Division of Allergy and Immunology, Department of Internal Medicine, Henry Ford Hospital, Detroit, Michigan.
Department of Public Health Sciences, Henry Ford Hospital, Detroit, Michigan.
Ann Allergy Asthma Immunol. 2014 Jul;113(1):25-30. doi: 10.1016/j.anai.2014.04.013. Epub 2014 May 5.
Recent research has emphasized the need to better discriminate asthma phenotypes and consider underlying mechanistic endotypes in epidemiologic and clinical studies. Although allergic asthma and nonallergic asthma are frequently combined into 1 disease category in observational research and clinical trials, few studies have investigated the extent to which these 2 separate phenotypes are associated with distinct cytokine immunologic profiles in a representative young adult population.
To investigate the cytokine production-based endotypes underlying the clinical phenotypes of allergic and nonallergic asthma in a population-based birth cohort evaluated as young adults.

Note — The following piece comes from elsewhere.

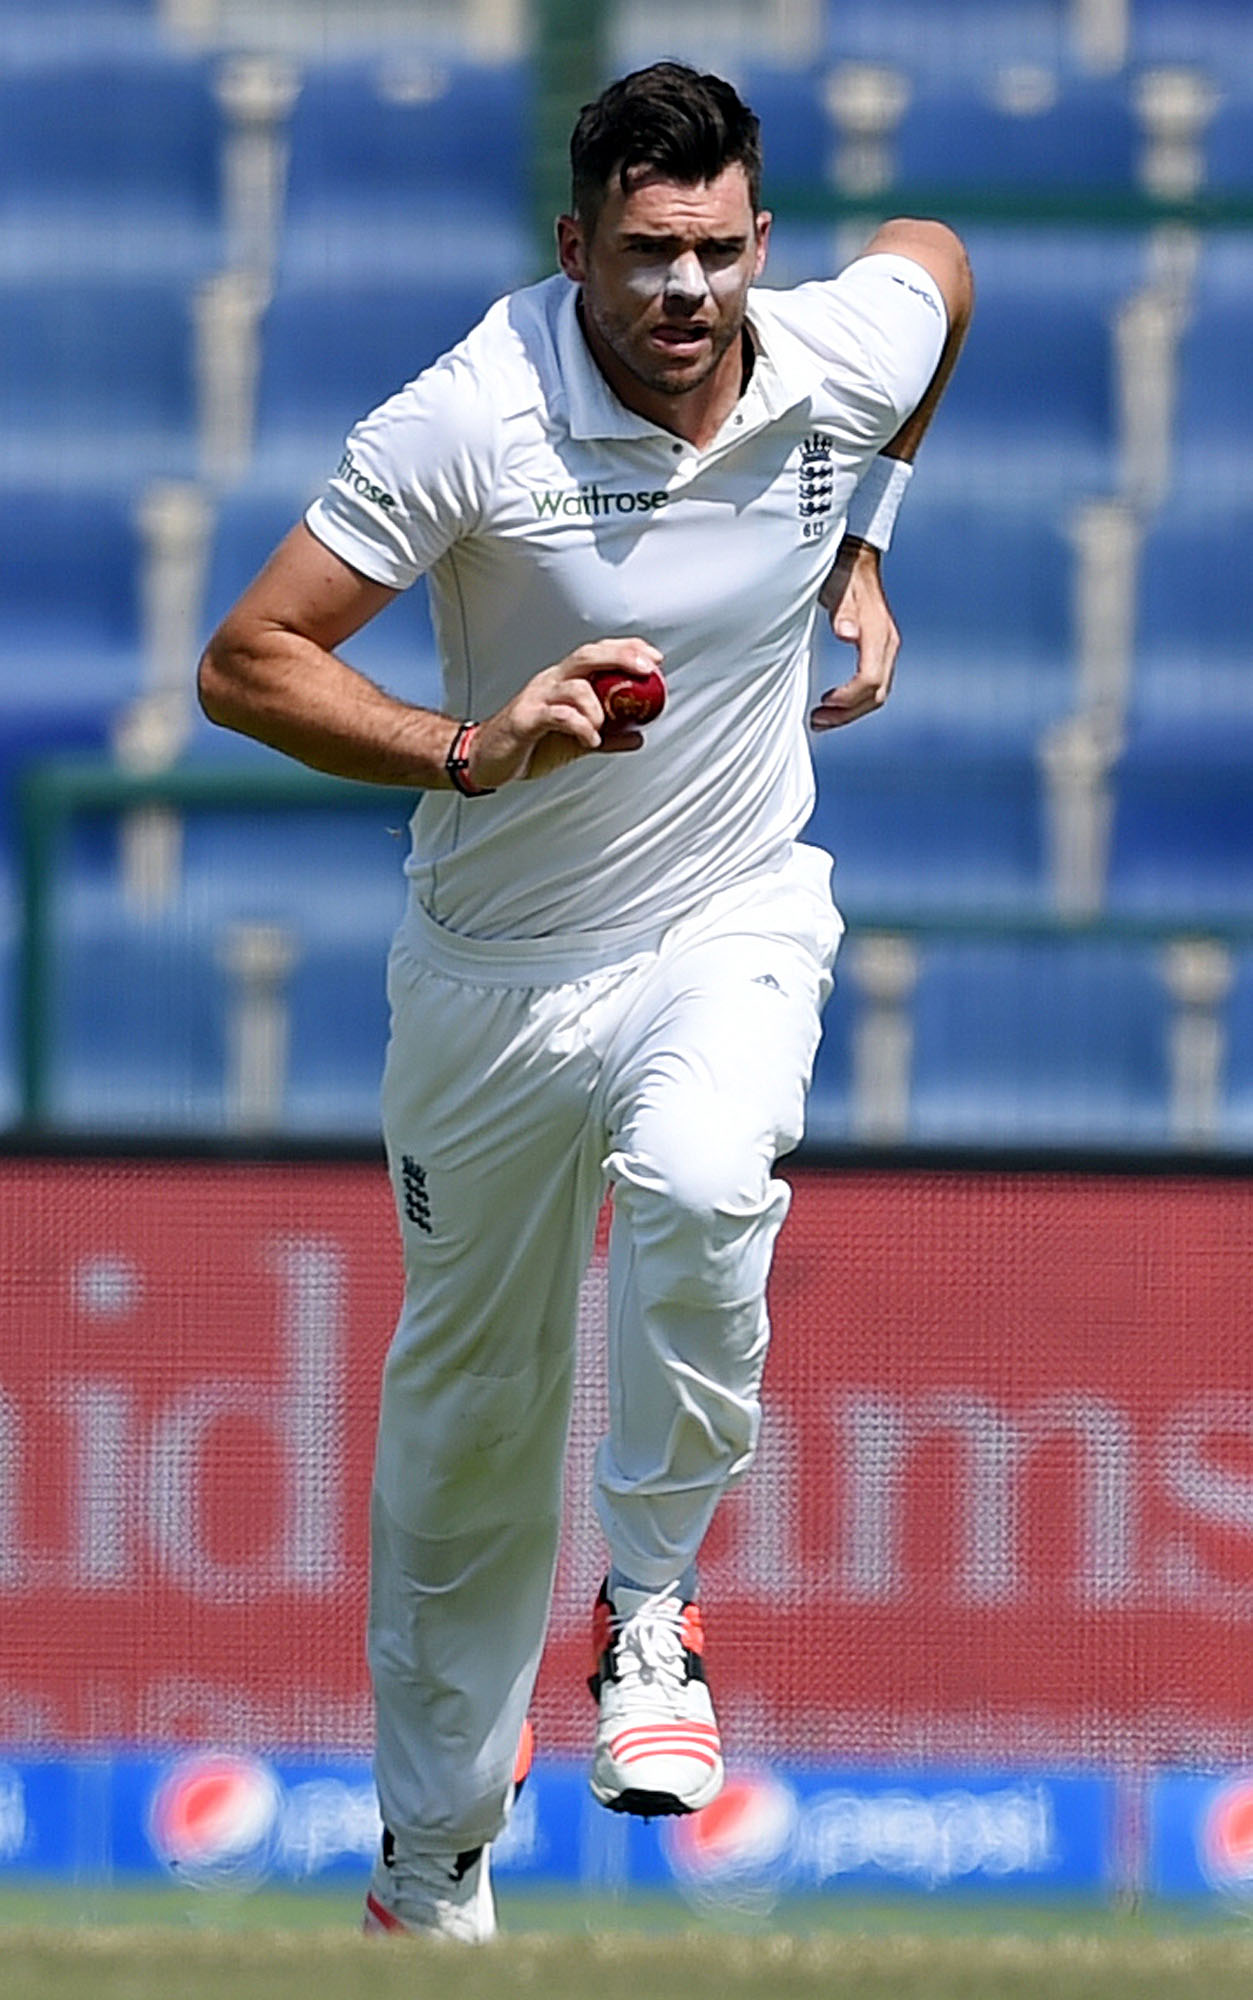 James Anderson in action during the final day of the first test match between Pakistan and England at Zayed Cricket Stadium in Abu Dhabi, United Arab Emirates, Saturday, Oct.17, 2015. (AP Photo/Hafsal Ahmed)
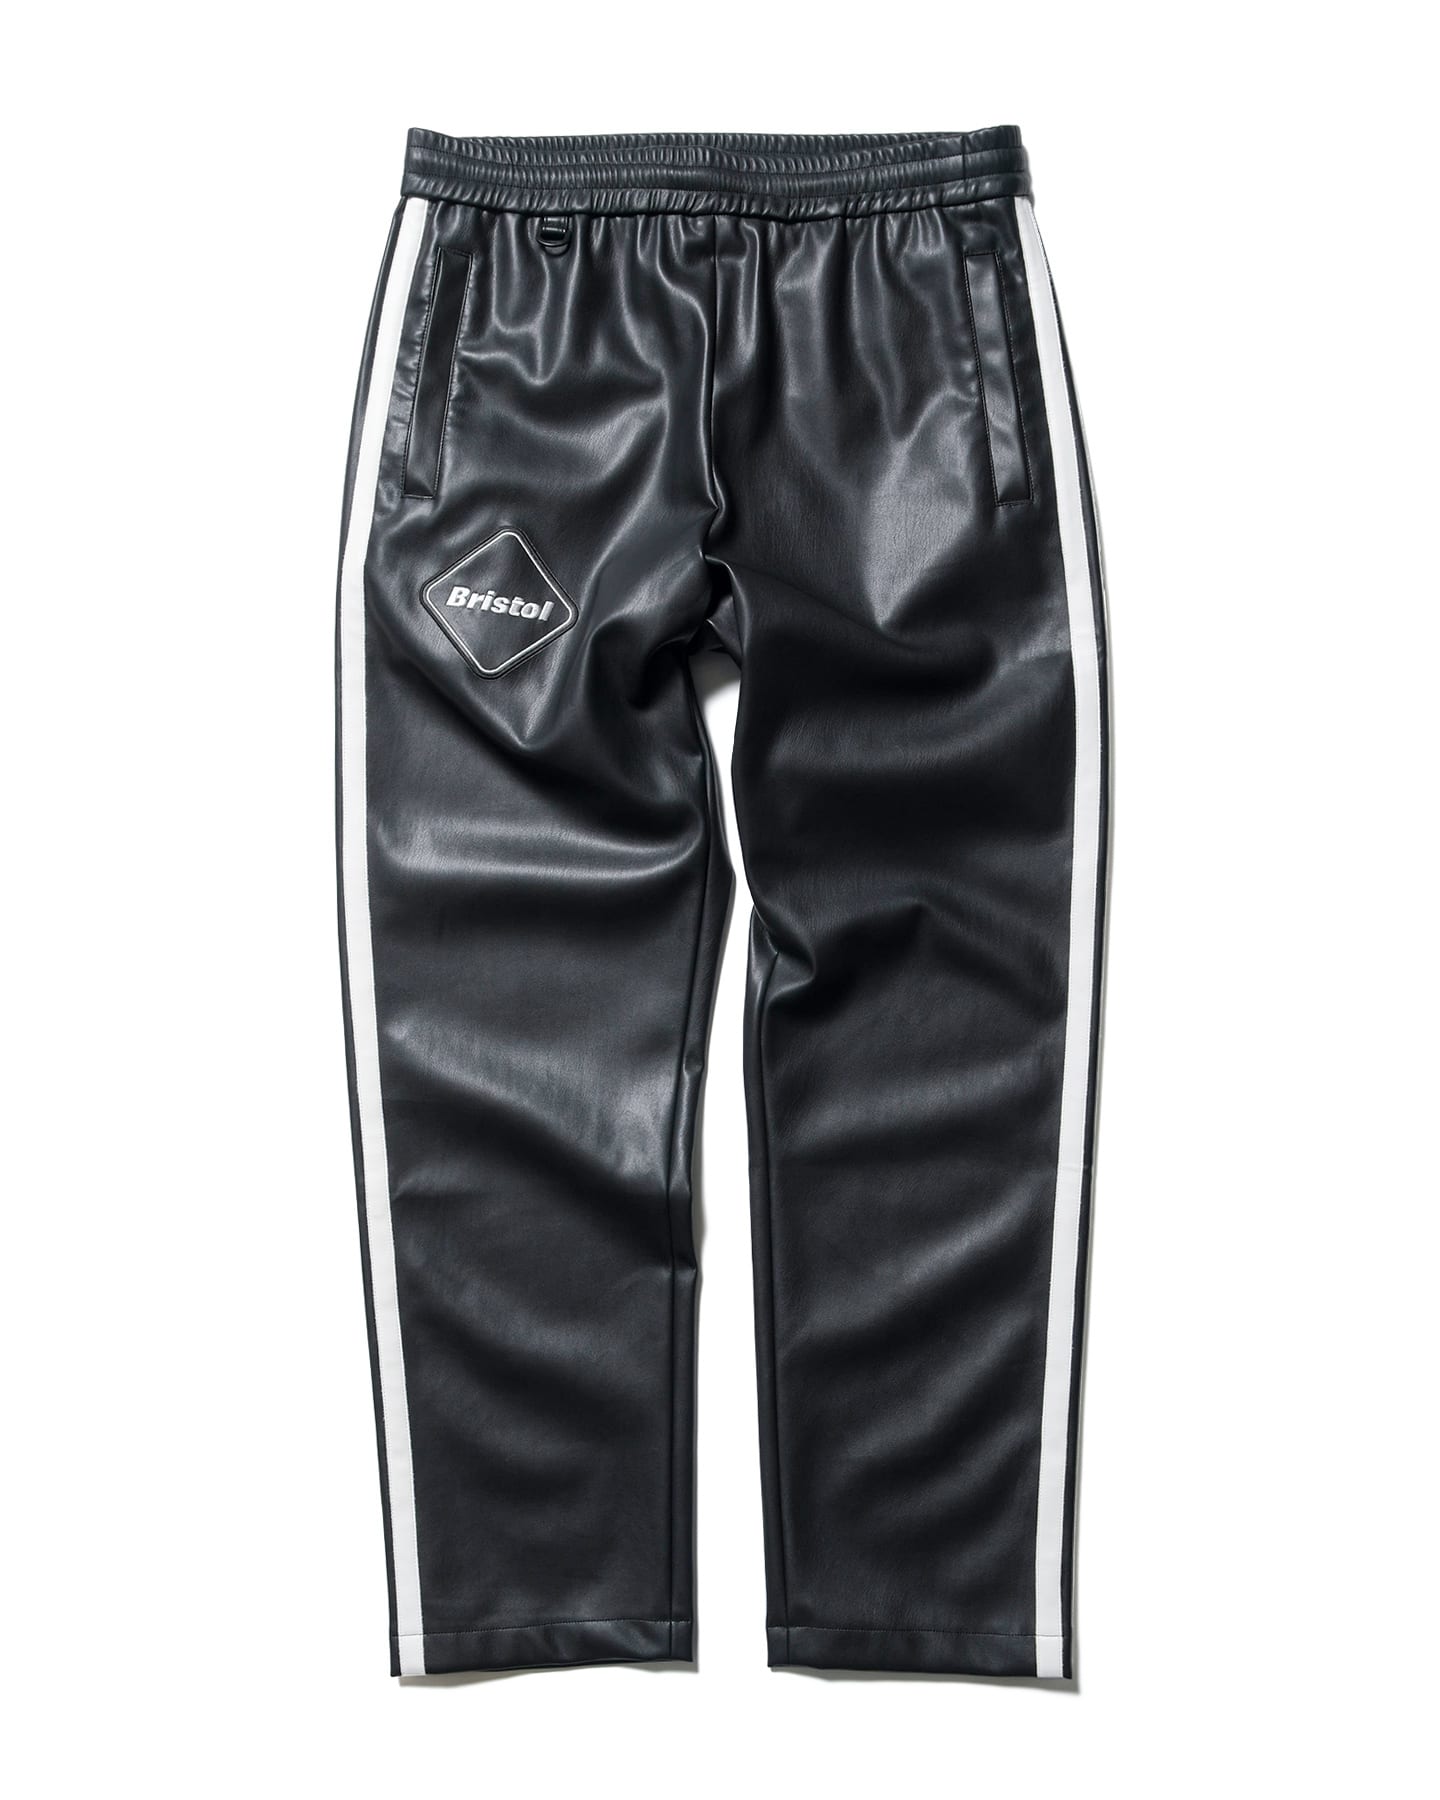 SOPH. | SYNTHETIC LEATHER PANTS(S BLACK):

Participants included 18- to 21-year-old members (n = 540) of a suburban Detroit birth cohort study, the Childhood Allergy Study. Phorbol myristate acetate-stimulated whole blood interleukin (IL)-4, IL-5, IL-10, IL-12, IL-13, IL-17A, IL-17F, IL-22, and interferon-γ secretory responses were analyzed for associations comparing participants with allergic vs nonallergic asthma phenotypes with those without asthma.
T-helper cell type (TH) 2-polarized responses, measured as higher mean IL-5 and IL-13 secretions and lower ratios of interferon-γ and IL-12 to 3 TH2 cytokines (IL-4, IL-5, or IL-13), were observed only in participants with allergic asthma. Nonallergic asthma was associated with TH1-polarized responses, including higher adjusted interferon-γ secretion compared with participants with allergic asthma and, surprisingly, those without asthma (odds ratio 2.5, confidence interval 1.2-5.1, P < .01).
As expected, young adults with a history of an allergic asthma phenotype exhibited a TH2-polarized cytokine response after polyclonal stimulation. However, TH1 polarization was observed in patients with a history of nonallergic asthma. Allergic and nonallergic asthma are associated with etiologically distinct immune endotypes, underscoring the importance of discriminating these endotypes in research analyses and clinical management.
最近的研究强调,需要更好地区分哮喘表型,并在流行病学和临床研究中考虑潜在的机制内型。尽管在观察性研究和临床试验中,过敏性哮喘和非过敏性哮喘通常合并为 1 种疾病类别,但很少有研究调查这两种独立表型在代表性年轻成年人中与不同细胞因子免疫谱相关的程度。
在一个基于人群的出生队列中,作为年轻人评估,调查过敏性和非过敏性哮喘临床表型背后的细胞因子产生内型。
参与者包括底特律郊区出生队列研究(儿童过敏研究)中 18 至 21 岁的成员(n=540)。分析佛波醇肉豆蔻酸酯刺激的全血白细胞介素(IL)-4、IL-5、IL-10、IL-12、IL-13、IL-17A、IL-17F、IL-22 和干扰素-γ分泌反应,以比较具有过敏性与非过敏性哮喘表型的参与者与无哮喘的参与者之间的关联。
仅在具有过敏性哮喘的参与者中观察到 TH2 极化反应,表现为更高的平均 IL-5 和 IL-13 分泌,以及干扰素-γ和 IL-12 与 3 种 TH2 细胞因子(IL-4、IL-5 或 IL-13)的比值较低。非过敏性哮喘与 TH1 极化反应相关,包括与具有过敏性哮喘的参与者相比,以及与无哮喘的参与者相比,调整后的干扰素-γ分泌更高(比值比 2.5,95%置信区间 1.2-5.1,P<.01)。
正如预期的那样,具有过敏性哮喘表型病史的年轻成年人在多克隆刺激后表现出 TH2 极化细胞因子反应。然而,在具有非过敏性哮喘病史的患者中观察到 TH1 极化。过敏性和非过敏性哮喘与病因不同的免疫内型相关,这强调了在研究分析和临床管理中区分这些内型的重要性。